# [INSTRUCTIONS FOR THE TASK]
Each line of the listing below should come back exactly as it is.
- - -
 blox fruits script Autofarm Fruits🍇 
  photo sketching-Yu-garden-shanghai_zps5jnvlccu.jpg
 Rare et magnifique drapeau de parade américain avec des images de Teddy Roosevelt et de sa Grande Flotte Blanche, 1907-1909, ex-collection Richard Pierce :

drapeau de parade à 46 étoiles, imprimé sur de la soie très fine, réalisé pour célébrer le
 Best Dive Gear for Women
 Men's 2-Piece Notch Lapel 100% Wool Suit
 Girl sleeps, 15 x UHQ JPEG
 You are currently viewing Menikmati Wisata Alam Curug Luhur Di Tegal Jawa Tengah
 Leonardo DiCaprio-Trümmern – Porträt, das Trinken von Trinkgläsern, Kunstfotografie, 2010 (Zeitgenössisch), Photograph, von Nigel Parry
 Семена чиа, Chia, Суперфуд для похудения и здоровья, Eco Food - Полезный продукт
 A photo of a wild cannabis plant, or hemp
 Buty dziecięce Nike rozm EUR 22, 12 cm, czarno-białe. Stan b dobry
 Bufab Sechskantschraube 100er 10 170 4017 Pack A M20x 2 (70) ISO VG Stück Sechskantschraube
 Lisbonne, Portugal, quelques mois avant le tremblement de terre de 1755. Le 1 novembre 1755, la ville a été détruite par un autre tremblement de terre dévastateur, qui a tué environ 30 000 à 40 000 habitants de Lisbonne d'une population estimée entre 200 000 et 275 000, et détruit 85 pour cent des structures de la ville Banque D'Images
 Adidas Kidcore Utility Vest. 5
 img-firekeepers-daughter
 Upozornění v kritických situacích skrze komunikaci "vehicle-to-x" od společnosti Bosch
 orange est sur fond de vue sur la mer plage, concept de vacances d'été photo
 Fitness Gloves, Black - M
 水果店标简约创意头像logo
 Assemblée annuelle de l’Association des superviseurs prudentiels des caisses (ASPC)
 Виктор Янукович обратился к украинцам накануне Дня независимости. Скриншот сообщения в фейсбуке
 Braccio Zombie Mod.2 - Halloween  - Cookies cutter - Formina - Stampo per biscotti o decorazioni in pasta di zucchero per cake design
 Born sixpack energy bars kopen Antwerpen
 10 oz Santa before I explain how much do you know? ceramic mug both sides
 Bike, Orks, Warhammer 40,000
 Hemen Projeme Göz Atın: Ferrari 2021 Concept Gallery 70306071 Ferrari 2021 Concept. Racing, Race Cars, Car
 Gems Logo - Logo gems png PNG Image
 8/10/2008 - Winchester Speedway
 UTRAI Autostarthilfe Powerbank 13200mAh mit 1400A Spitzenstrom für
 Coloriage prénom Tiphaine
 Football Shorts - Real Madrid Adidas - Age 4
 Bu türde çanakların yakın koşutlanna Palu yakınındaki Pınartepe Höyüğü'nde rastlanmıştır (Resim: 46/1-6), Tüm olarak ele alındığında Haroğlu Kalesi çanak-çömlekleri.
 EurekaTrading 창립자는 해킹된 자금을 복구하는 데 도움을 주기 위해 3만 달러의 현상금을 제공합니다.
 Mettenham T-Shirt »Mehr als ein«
- - -
# [ANSWER FOR THE TASK]
 blox fruits script Autofarm Fruits🍇 
  photo sketching-Yu-garden-shanghai_zps5jnvlccu.jpg
 Rare et magnifique drapeau de parade américain avec des images de Teddy Roosevelt et de sa Grande Flotte Blanche, 1907-1909, ex-collection Richard Pierce :

drapeau de parade à 46 étoiles, imprimé sur de la soie très fine, réalisé pour célébrer le
 Best Dive Gear for Women
 Men's 2-Piece Notch Lapel 100% Wool Suit
 Girl sleeps, 15 x UHQ JPEG
 You are currently viewing Menikmati Wisata Alam Curug Luhur Di Tegal Jawa Tengah
 Leonardo DiCaprio-Trümmern – Porträt, das Trinken von Trinkgläsern, Kunstfotografie, 2010 (Zeitgenössisch), Photograph, von Nigel Parry
 Семена чиа, Chia, Суперфуд для похудения и здоровья, Eco Food - Полезный продукт
 A photo of a wild cannabis plant, or hemp
 Buty dziecięce Nike rozm EUR 22, 12 cm, czarno-białe. Stan b dobry
 Bufab Sechskantschraube 100er 10 170 4017 Pack A M20x 2 (70) ISO VG Stück Sechskantschraube
 Lisbonne, Portugal, quelques mois avant le tremblement de terre de 1755. Le 1 novembre 1755, la ville a été détruite par un autre tremblement de terre dévastateur, qui a tué environ 30 000 à 40 000 habitants de Lisbonne d'une population estimée entre 200 000 et 275 000, et détruit 85 pour cent des structures de la ville Banque D'Images
 Adidas Kidcore Utility Vest. 5
 img-firekeepers-daughter
 Upozornění v kritických situacích skrze komunikaci "vehicle-to-x" od společnosti Bosch
 orange est sur fond de vue sur la mer plage, concept de vacances d'été photo
 Fitness Gloves, Black - M
 水果店标简约创意头像logo
 Assemblée annuelle de l’Association des superviseurs prudentiels des caisses (ASPC)
 Виктор Янукович обратился к украинцам накануне Дня независимости. Скриншот сообщения в фейсбуке
 Braccio Zombie Mod.2 - Halloween  - Cookies cutter - Formina - Stampo per biscotti o decorazioni in pasta di zucchero per cake design
 Born sixpack energy bars kopen Antwerpen
 10 oz Santa before I explain how much do you know? ceramic mug both sides
 Bike, Orks, Warhammer 40,000
 Hemen Projeme Göz Atın: Ferrari 2021 Concept Gallery 70306071 Ferrari 2021 Concept. Racing, Race Cars, Car
 Gems Logo - Logo gems png PNG Image
 8/10/2008 - Winchester Speedway
 UTRAI Autostarthilfe Powerbank 13200mAh mit 1400A Spitzenstrom für
 Coloriage prénom Tiphaine
 Football Shorts - Real Madrid Adidas - Age 4
 Bu türde çanakların yakın koşutlanna Palu yakınındaki Pınartepe Höyüğü'nde rastlanmıştır (Resim: 46/1-6), Tüm olarak ele alındığında Haroğlu Kalesi çanak-çömlekleri.
 EurekaTrading 창립자는 해킹된 자금을 복구하는 데 도움을 주기 위해 3만 달러의 현상금을 제공합니다.
 Mettenham T-Shirt »Mehr als ein«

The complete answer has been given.